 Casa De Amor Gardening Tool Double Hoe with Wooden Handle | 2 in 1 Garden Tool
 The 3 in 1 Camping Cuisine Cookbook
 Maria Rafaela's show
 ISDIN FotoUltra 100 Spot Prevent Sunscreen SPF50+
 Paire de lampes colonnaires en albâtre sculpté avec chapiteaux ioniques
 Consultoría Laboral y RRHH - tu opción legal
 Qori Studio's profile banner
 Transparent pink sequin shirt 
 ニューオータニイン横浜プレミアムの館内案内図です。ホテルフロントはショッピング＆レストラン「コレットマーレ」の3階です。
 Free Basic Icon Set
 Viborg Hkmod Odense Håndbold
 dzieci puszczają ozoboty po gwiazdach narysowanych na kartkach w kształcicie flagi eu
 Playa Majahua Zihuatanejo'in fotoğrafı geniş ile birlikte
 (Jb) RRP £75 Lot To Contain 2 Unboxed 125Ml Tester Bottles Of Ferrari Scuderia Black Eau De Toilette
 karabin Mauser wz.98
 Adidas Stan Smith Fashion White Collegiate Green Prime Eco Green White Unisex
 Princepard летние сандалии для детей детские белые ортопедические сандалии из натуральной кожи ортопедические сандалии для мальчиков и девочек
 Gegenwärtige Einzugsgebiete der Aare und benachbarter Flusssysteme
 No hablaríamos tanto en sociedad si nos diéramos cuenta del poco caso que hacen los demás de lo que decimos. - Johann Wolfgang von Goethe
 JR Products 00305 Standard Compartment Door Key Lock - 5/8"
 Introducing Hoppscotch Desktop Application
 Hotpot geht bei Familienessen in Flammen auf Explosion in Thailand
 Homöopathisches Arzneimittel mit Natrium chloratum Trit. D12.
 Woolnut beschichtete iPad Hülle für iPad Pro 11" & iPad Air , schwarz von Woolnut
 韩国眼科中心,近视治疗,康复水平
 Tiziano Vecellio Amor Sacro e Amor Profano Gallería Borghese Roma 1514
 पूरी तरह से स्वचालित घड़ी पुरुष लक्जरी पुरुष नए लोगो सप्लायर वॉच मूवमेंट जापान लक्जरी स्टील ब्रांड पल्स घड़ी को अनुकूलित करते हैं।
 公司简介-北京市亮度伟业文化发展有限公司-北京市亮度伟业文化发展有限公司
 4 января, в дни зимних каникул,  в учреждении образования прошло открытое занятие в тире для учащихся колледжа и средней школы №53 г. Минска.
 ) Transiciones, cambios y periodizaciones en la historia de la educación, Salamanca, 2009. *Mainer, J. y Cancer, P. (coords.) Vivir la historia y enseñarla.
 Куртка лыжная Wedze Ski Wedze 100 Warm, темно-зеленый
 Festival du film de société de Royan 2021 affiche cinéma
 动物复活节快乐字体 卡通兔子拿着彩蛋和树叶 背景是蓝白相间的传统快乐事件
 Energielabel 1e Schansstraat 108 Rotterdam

☆ ☆ ☆ ☆ ☆ ☆ ☆

§ **Your assignment**
In the data above, find each line that has the word "Amor" and copy it out.

§ **Answer box**
 Casa De Amor Gardening Tool Double Hoe with Wooden Handle | 2 in 1 Garden Tool
 Tiziano Vecellio Amor Sacro e Amor Profano Gallería Borghese Roma 1514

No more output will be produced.